PROBLEM TO SOLVE:
Repeat the data as given. Images do not go in the copy.

GIVEN INFORMATION:
◇ ◇ ◇ ◇ ◇ ◇ ◇

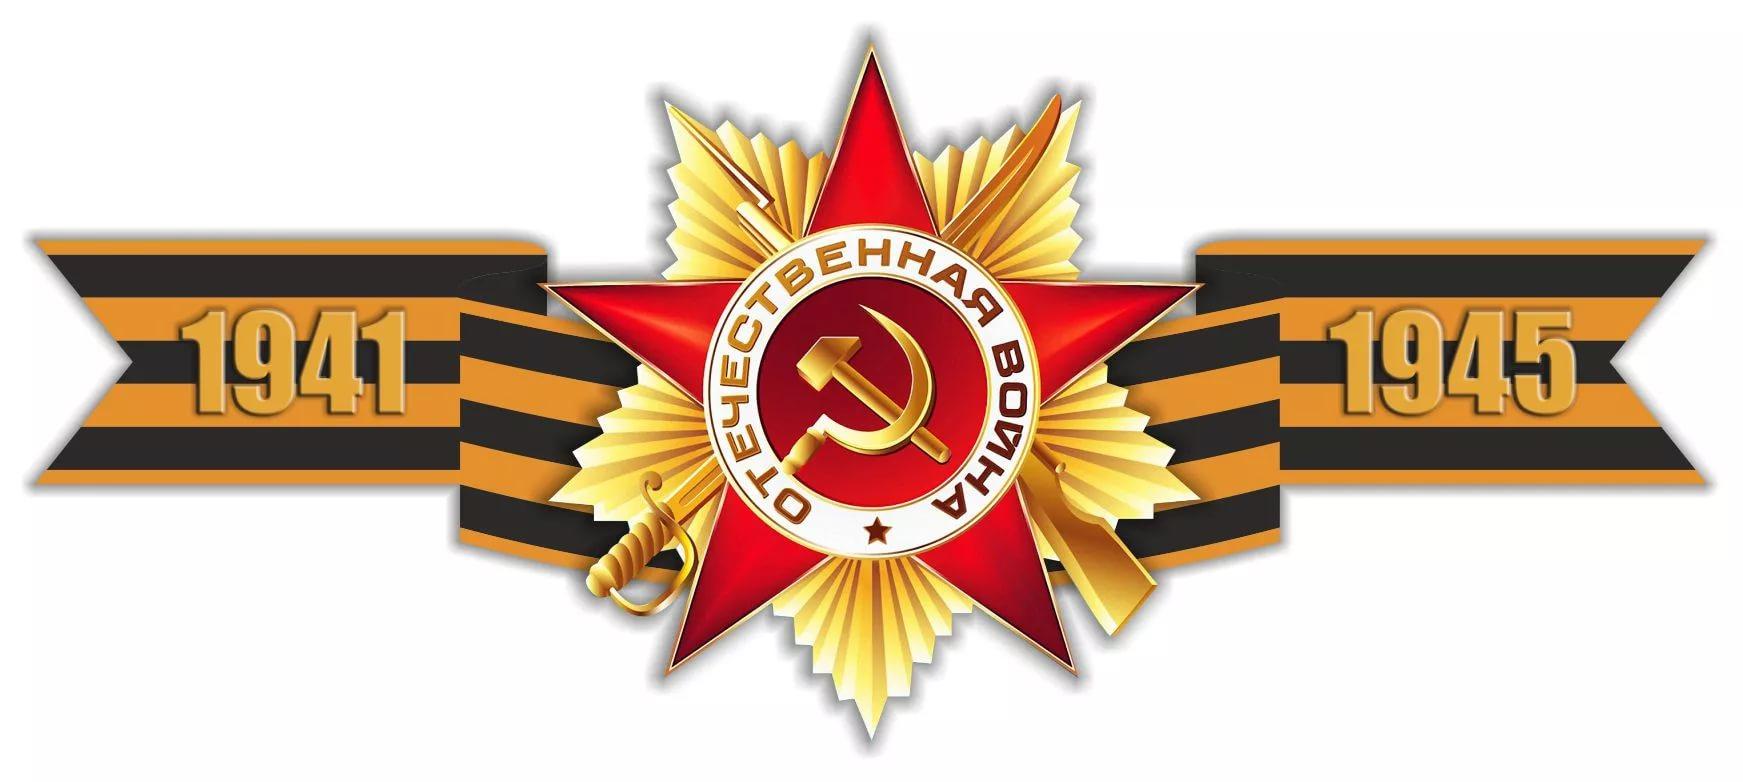 Мероприятия, посвященные Дню Победы над немецко-фашистскими захватчиками
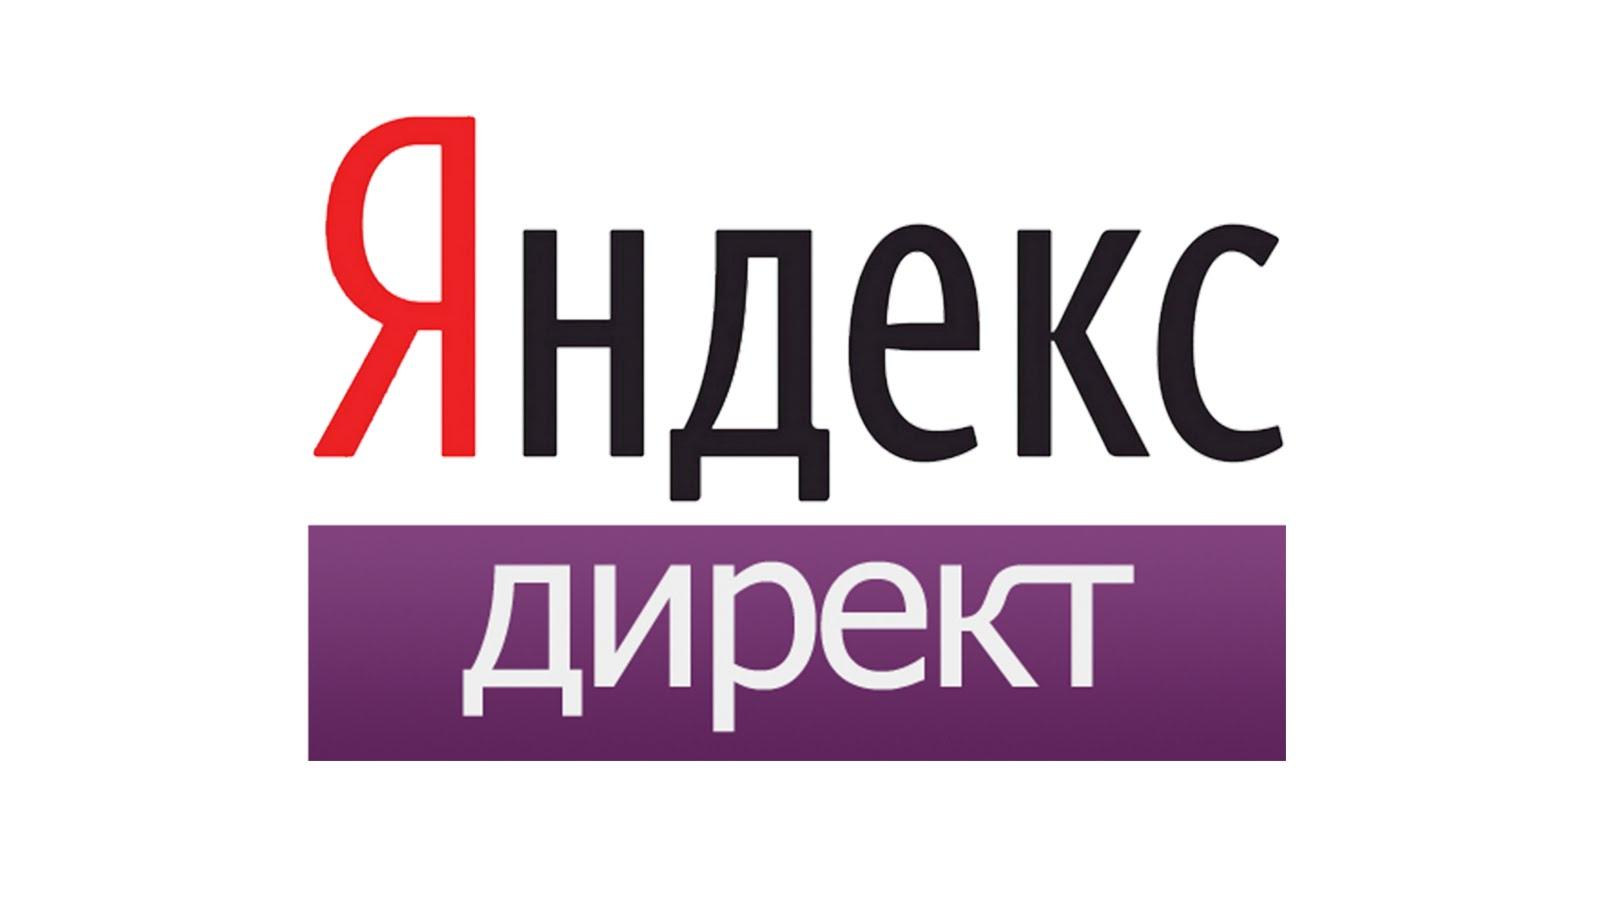 Как настроить контекстную рекламу в Яндекс.Директе: чек-лист
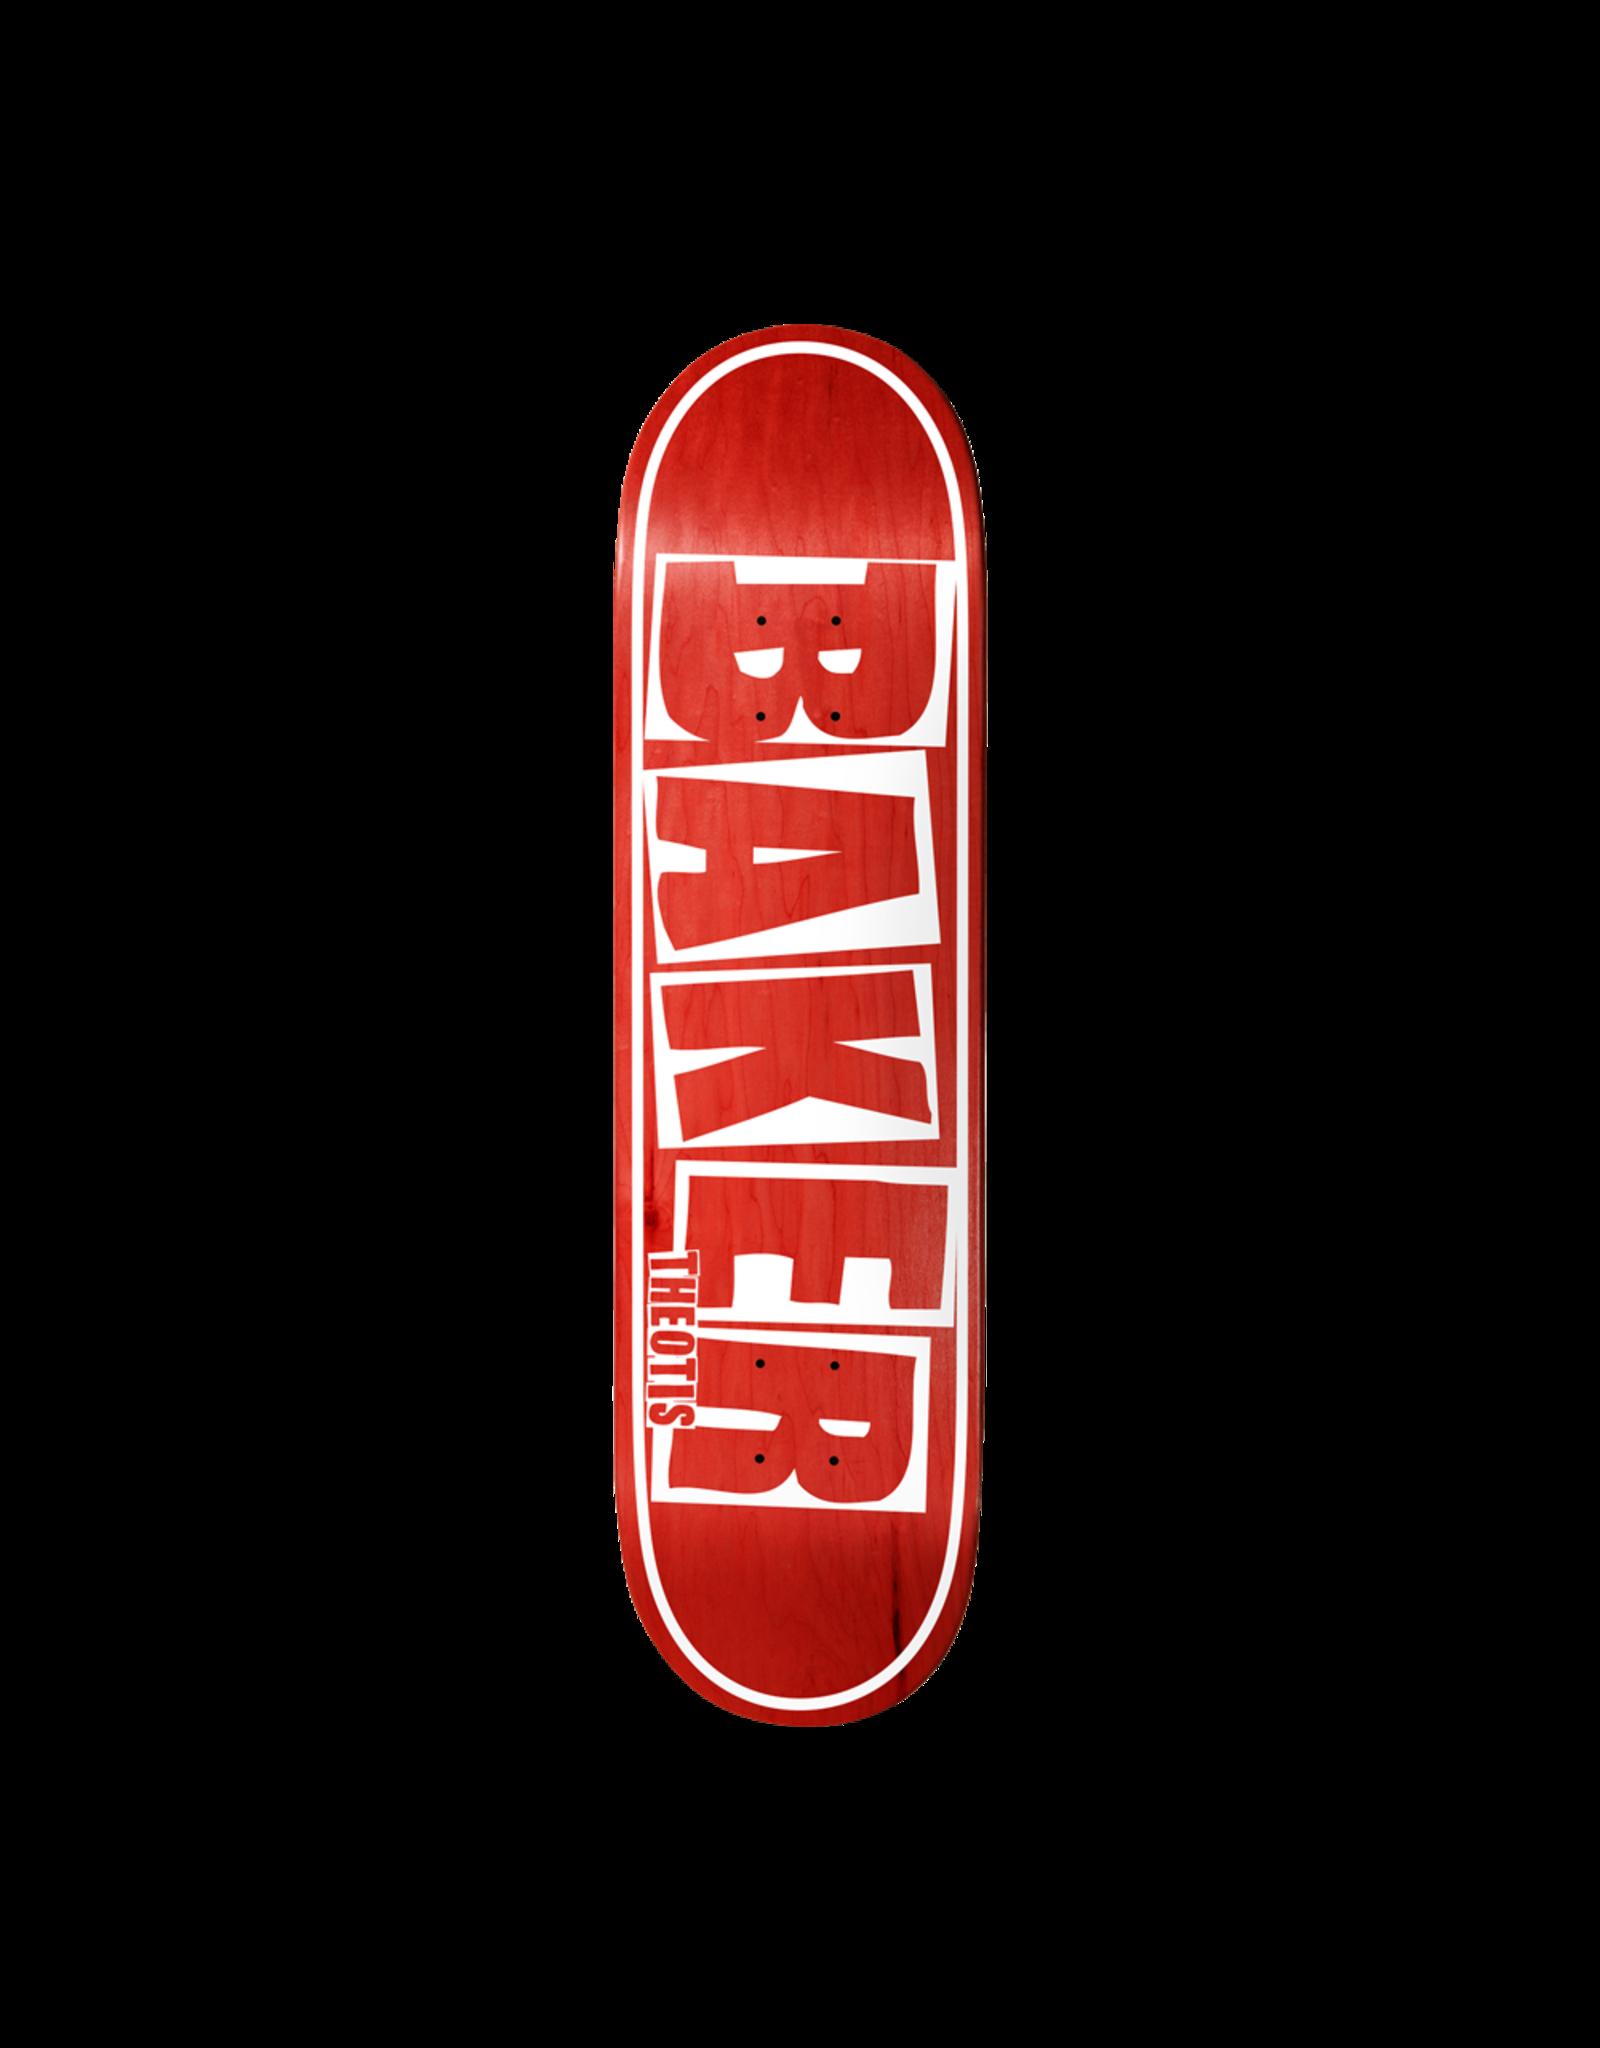 BAKER BAKER - TB BRAND NAME - 8.5

◇ ◇ ◇ ◇ ◇ ◇ ◇

EXPECTED OUTPUT:
 Мероприятия, посвященные Дню Победы над немецко-фашистскими захватчиками
 Как настроить контекстную рекламу в Яндекс.Директе: чек-лист
 BAKER BAKER - TB BRAND NAME - 8.5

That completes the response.